» INSTRUCTIONS FOR THE TASK: Quote the whole listing word for word. Do not include the pictures.

======== DATASET CONTENT ========

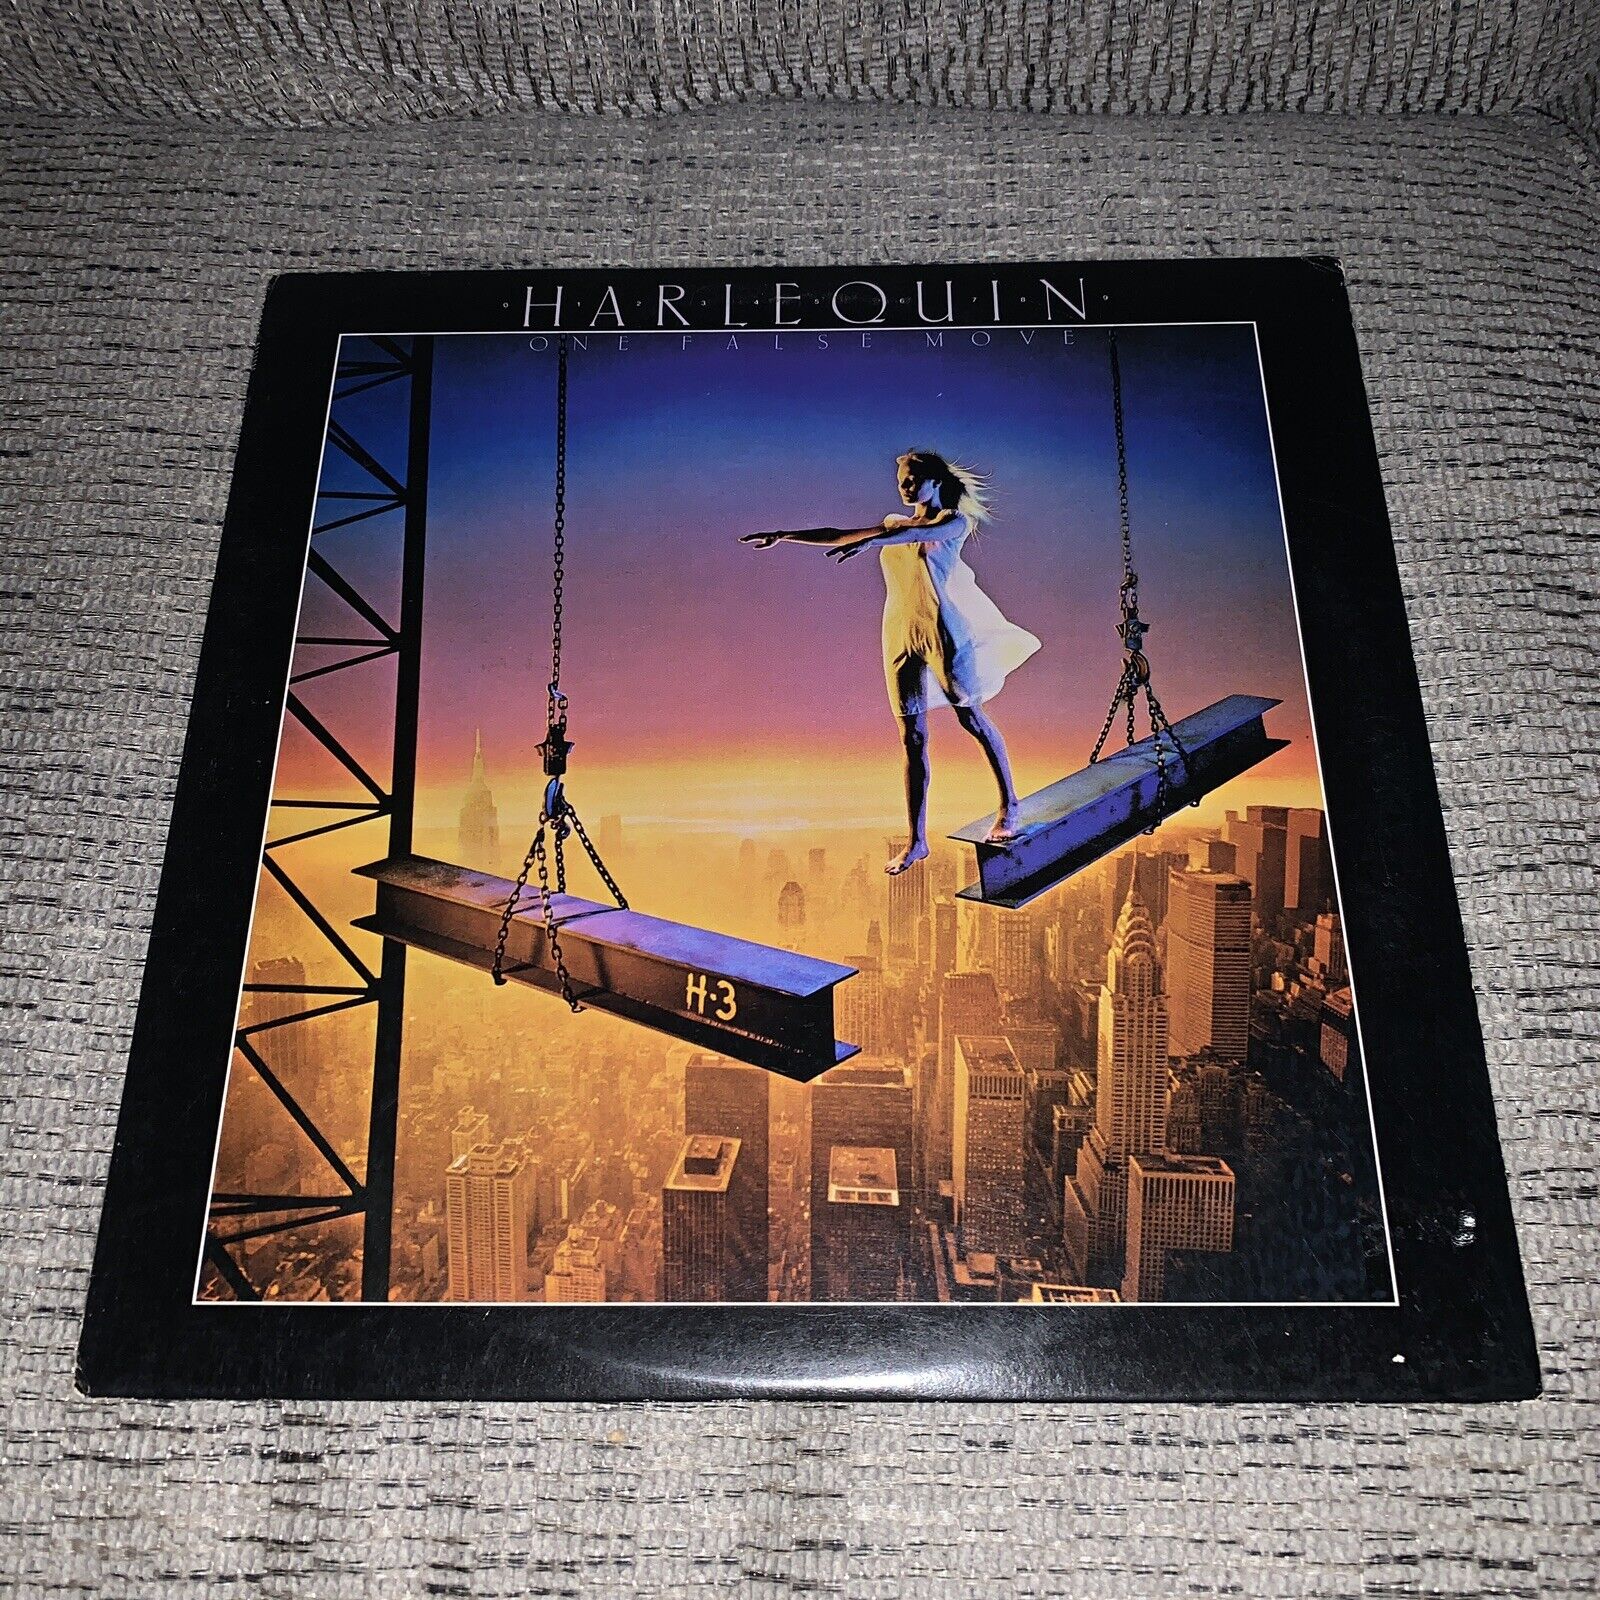 Harlequin “One False Move” Promo LP/Columbia ARC 38090 (EX) 1982
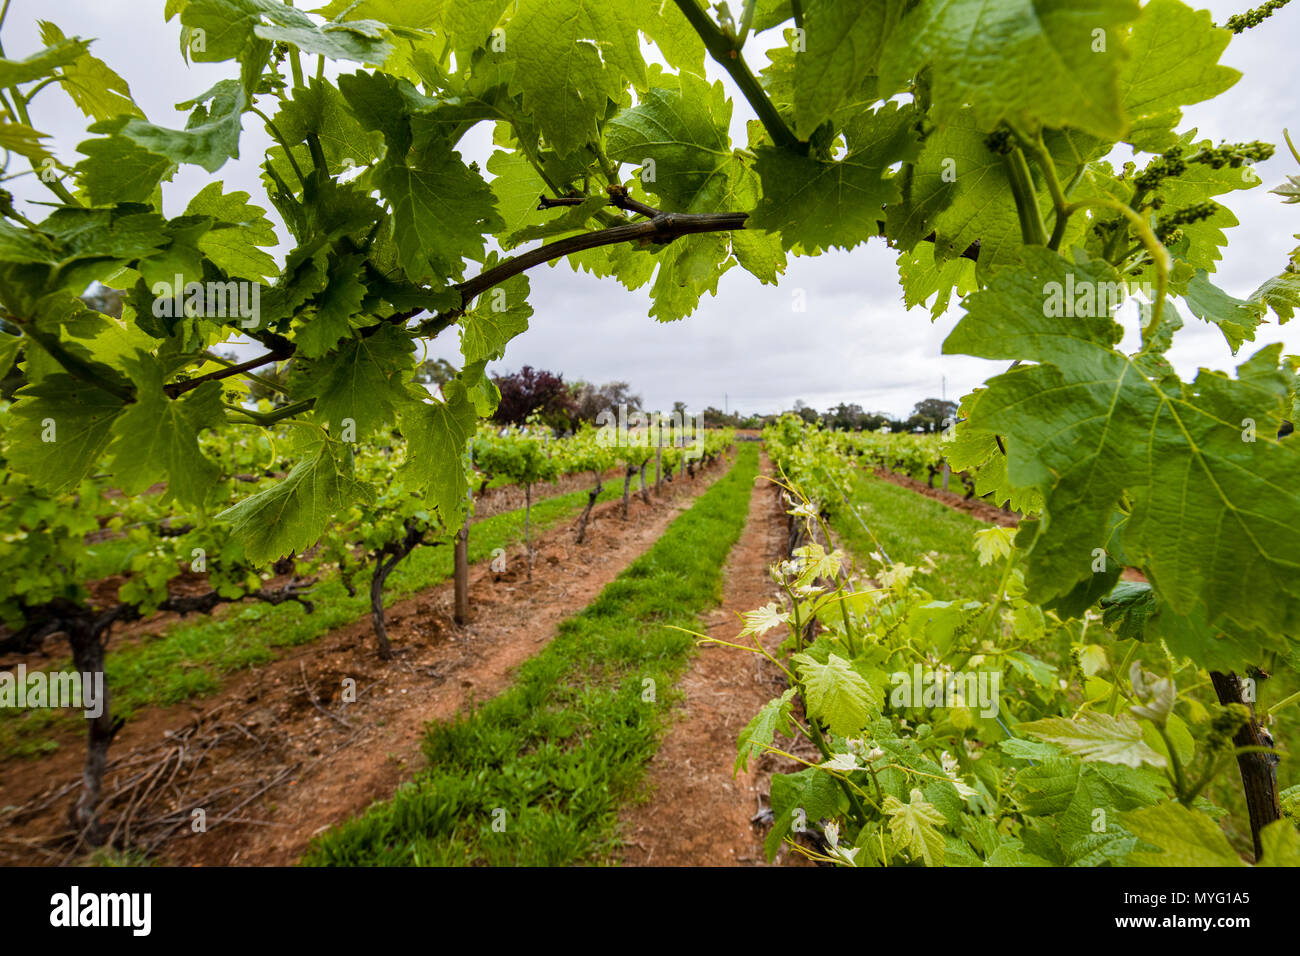 A Magill Estate Shiraz grape vine stretches over a path in a vineyard. Stock Photo
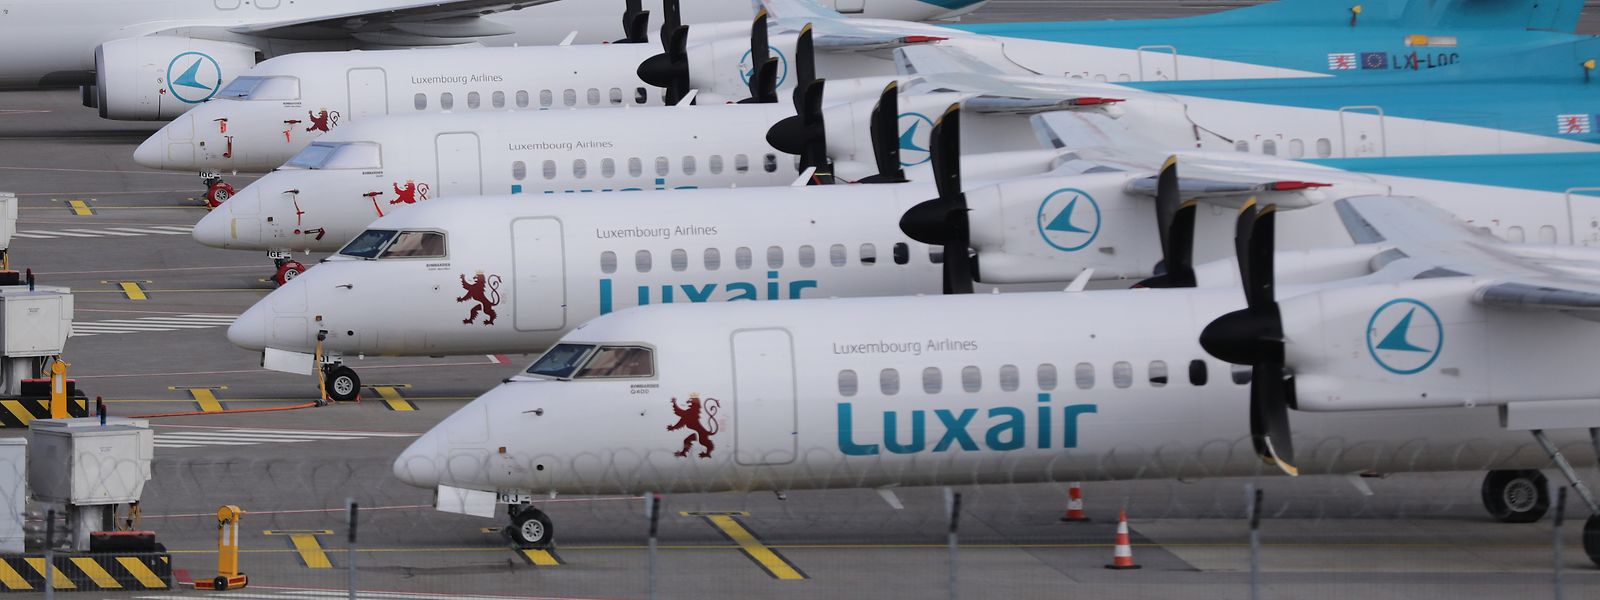 A companhia aérea luxemburguesa diz não ter planos imediatos de instalar 4G e 5G a bordo dos aviões.

========

» SOLUTION:
 Harlequin “One False Move” Promo LP/Columbia ARC 38090 (EX) 1982
 A Magill Estate Shiraz grape vine stretches over a path in a vineyard. Stock Photo
 A companhia aérea luxemburguesa diz não ter planos imediatos de instalar 4G e 5G a bordo dos aviões.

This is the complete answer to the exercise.